Today, David Rosenberg makes some rare, un-alloyed positive comments relating to yesterday’s big ISM number.
ISM ROARS AND SOARS
ISM soared to 58.4 in January from 54.9 in December — the consensus was
looking for a dip to 54.5. This is the strongest reading since August 2004 and is
distinctly late-cycle (normally the ISM is still struggling to get back to the 50 level
this close to the end of the recession). It took two years to get to this level
following the 2001 recession; it took three years to get there after the 1990-91
recession; and it took a mere six months this time around.
For the past three decades, an ISM of around 60 pretty well defined the cycle
peak for the industrial sector and here we are right near there and just two
quarters after the last negative GDP print. But that is the strange thing about
post-bubble credit collapses — to expect the unexpected.
72% of respondents posted “growth”, up from 11% a year ago.
• The components were higher right across the board — including employment
index, at 53.3, up from 50.2 in December and the best tally since April 2006.

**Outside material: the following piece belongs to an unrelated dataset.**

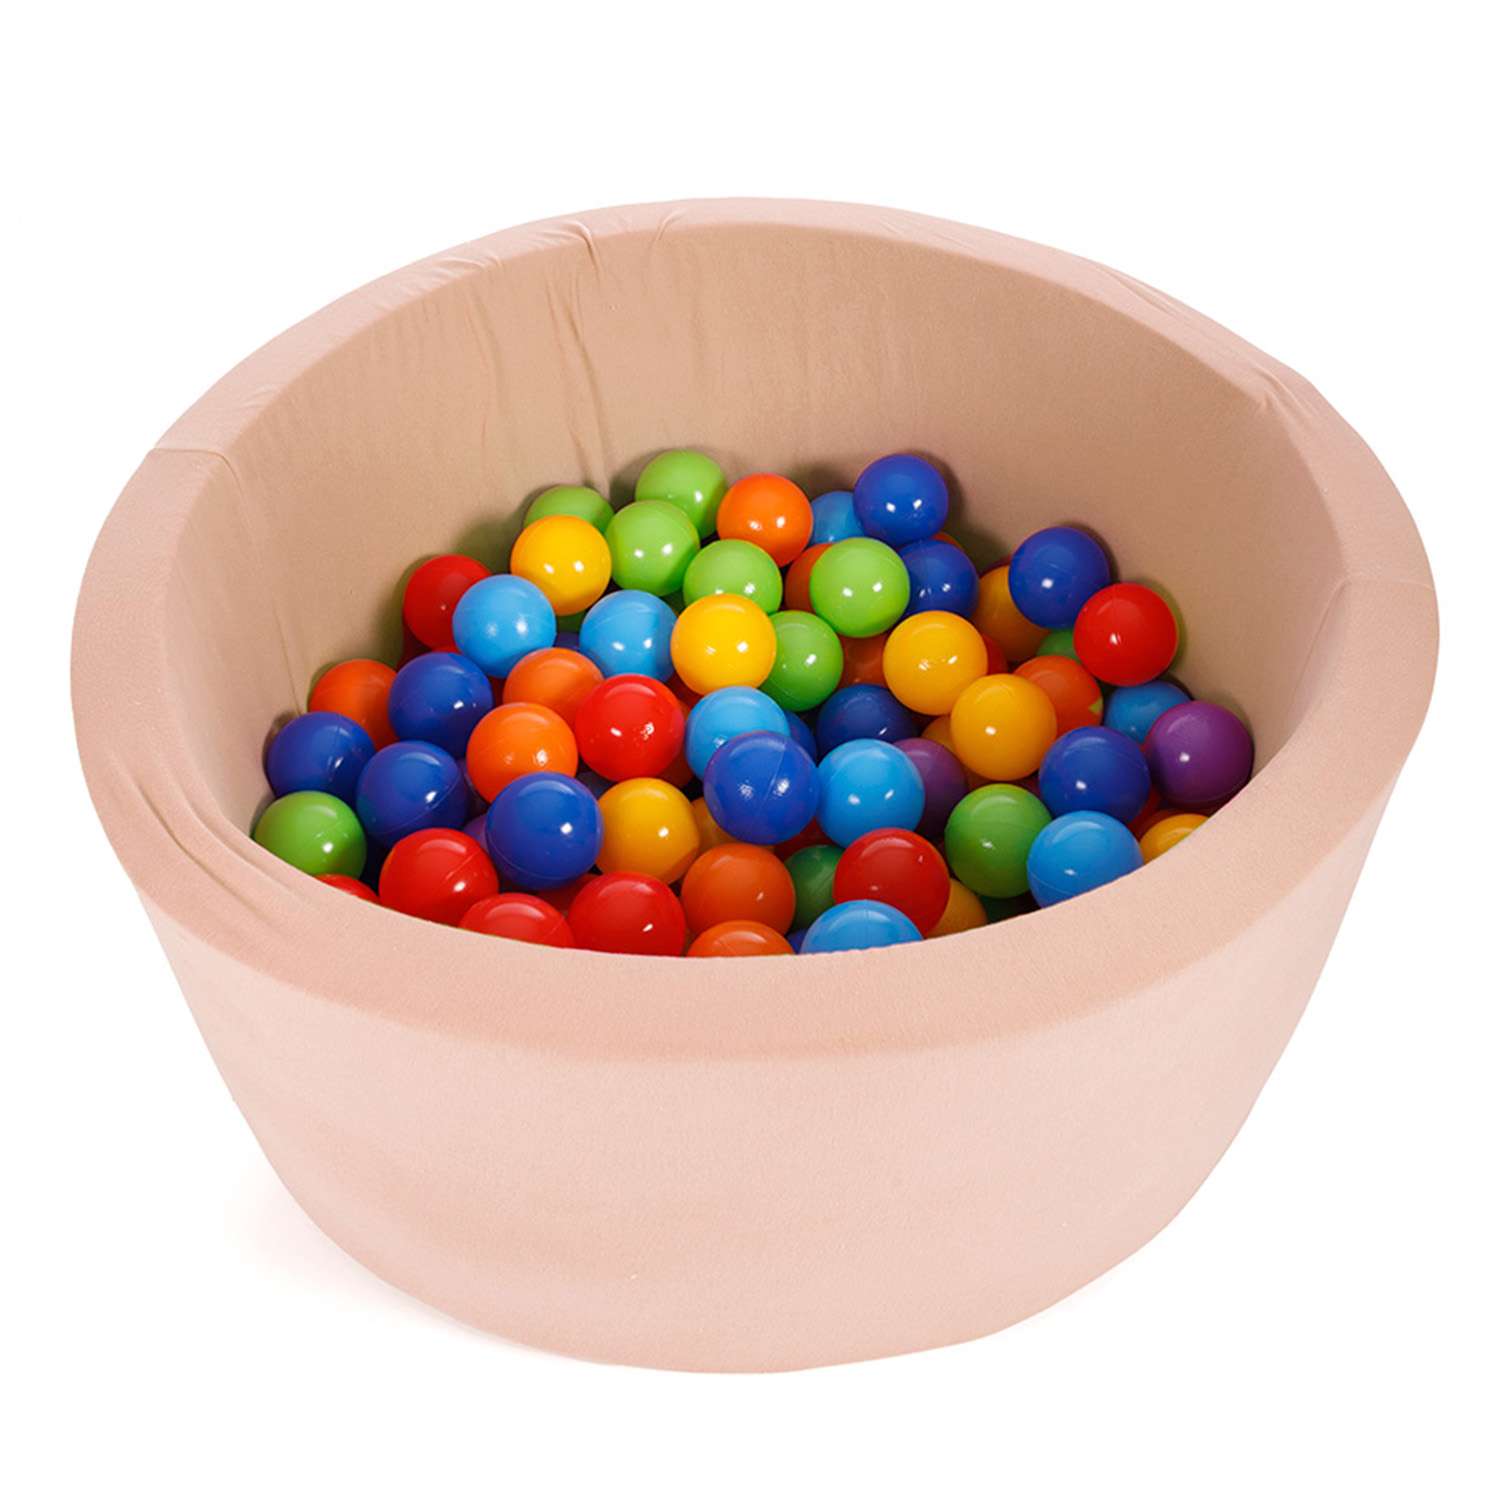 Сухой бассейн Тутси игровой с комплектом шаров поролон бежевый 160 шт d8 см 85х40 см - фото 2

Back in April 2006, payrolls rose 151k with manufacturing adding +7k jobs.
Watch the consensus numbers for Friday’s nonfarm payrolls start to be taken
up by the Street (ADP private sector employment is out on Wednesday at 8:15).
• Production soared in January, to 66.2 from 59.7 — highest since April 2004.

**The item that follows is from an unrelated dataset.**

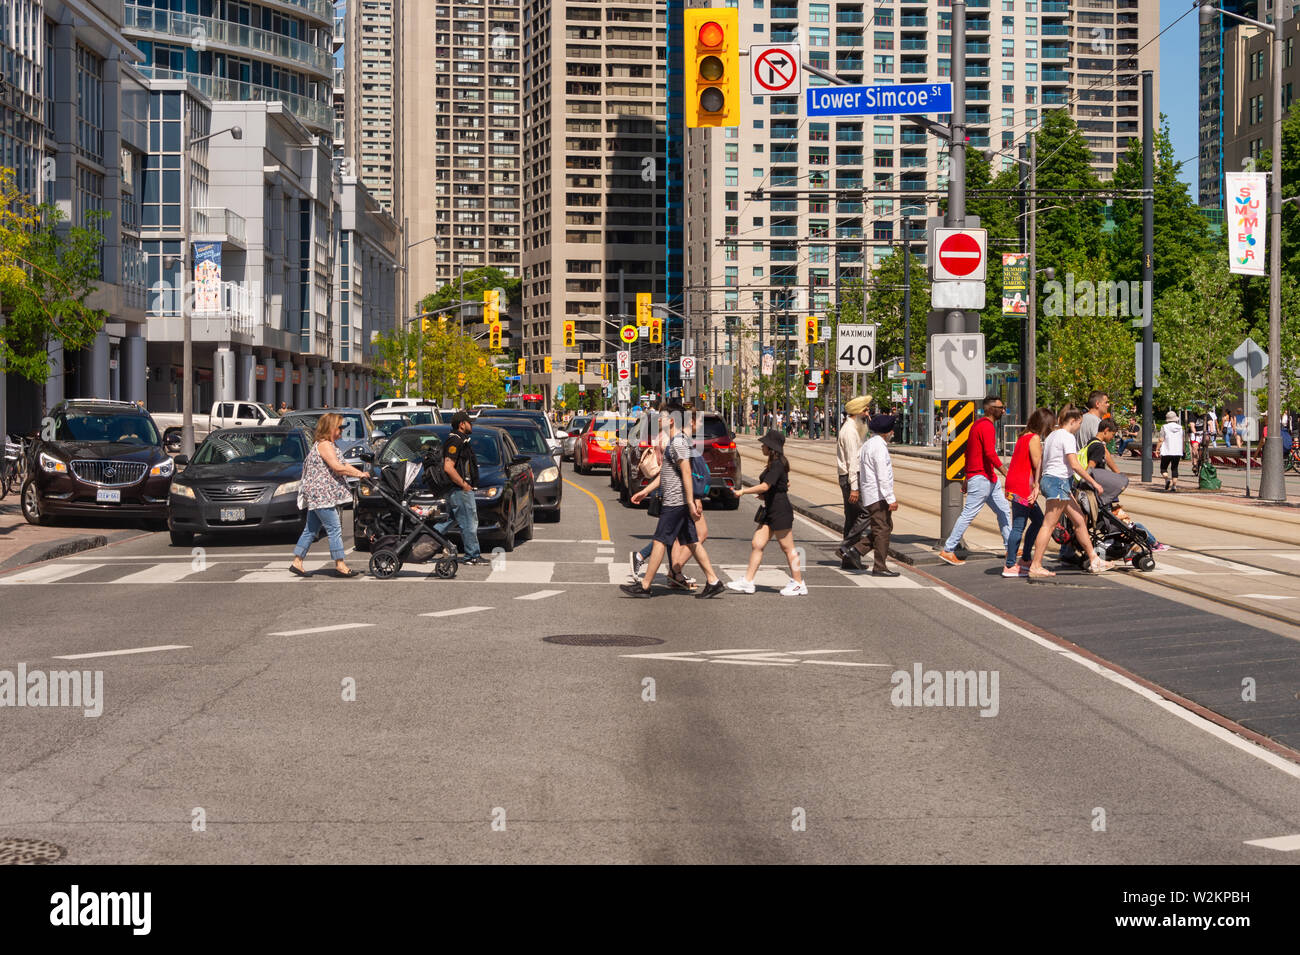 Toronto, Canada - 22 juin 2019 : une foule de personnes traversant Queens Quay W street dans le centre-ville de Toronto Banque D'Images

And inventories improved to 46.5 from 43.0 … looks like we could get more
oomph in Q1 from inventory restocking. In a separate item regarding
customer inventory levels, the share saying they are “too low” outnumbered
the share saying “too high” by a record 10 to 1 margin.

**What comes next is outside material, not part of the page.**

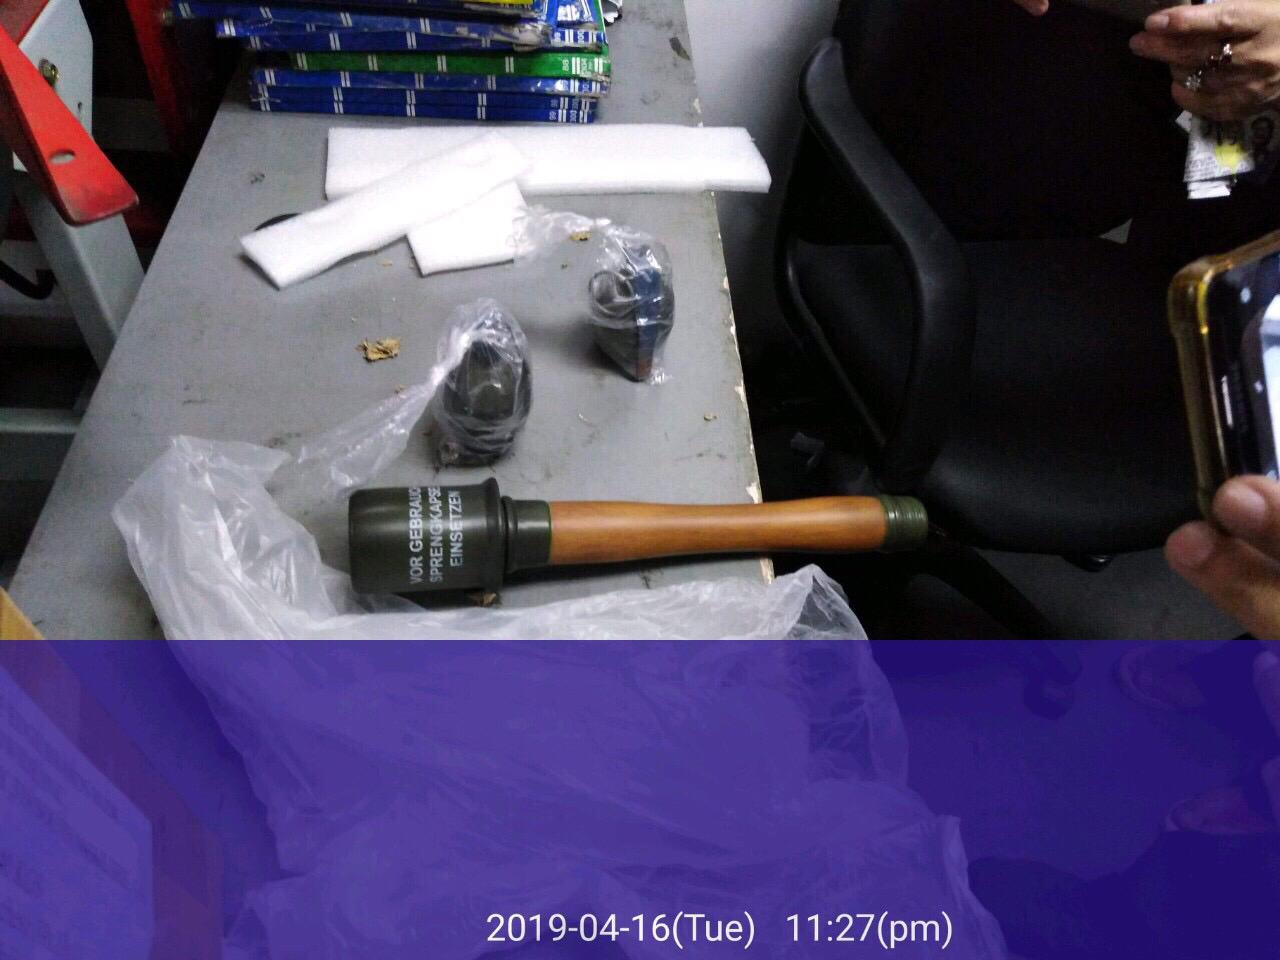 Cops seize 3 replica grenades in Pasay

• Orders also made a new high, at 65.9 from 64.8 — again, the best since April
2004. Export orders jumped four points, to 58.5, which are the highest since
June 2008. Backlogs improved from 50 to 56 — the highest since April 2006.
Remember, the ISM, being a diffusion index and not much else, is useful but not
infallible. Recall that it also took a nice jump in December, to 55.9 and that
translated into no growth in the manufacturing for the month, -27k on factory
payrolls, and only +0.3% in durable goods orders, which didn’t even totally
recoup the 0.4% drop the prior month.
Of course, he has to make one exception to the all the good cheer
The ISM data took centre stage yesterday and while clearly positive for the
industrials we also saw U.S. construction spending come out for December and it
was really weak — down 1.2% mum (the consensus was at -0.5%) and we saw
down revisions too for the prior month (to -1.2% in November from -0.6% before).
Even with the most pro-housing macro policies ever concocted, the real estate
industry remains in complete disarray fully three years after the initial detonation.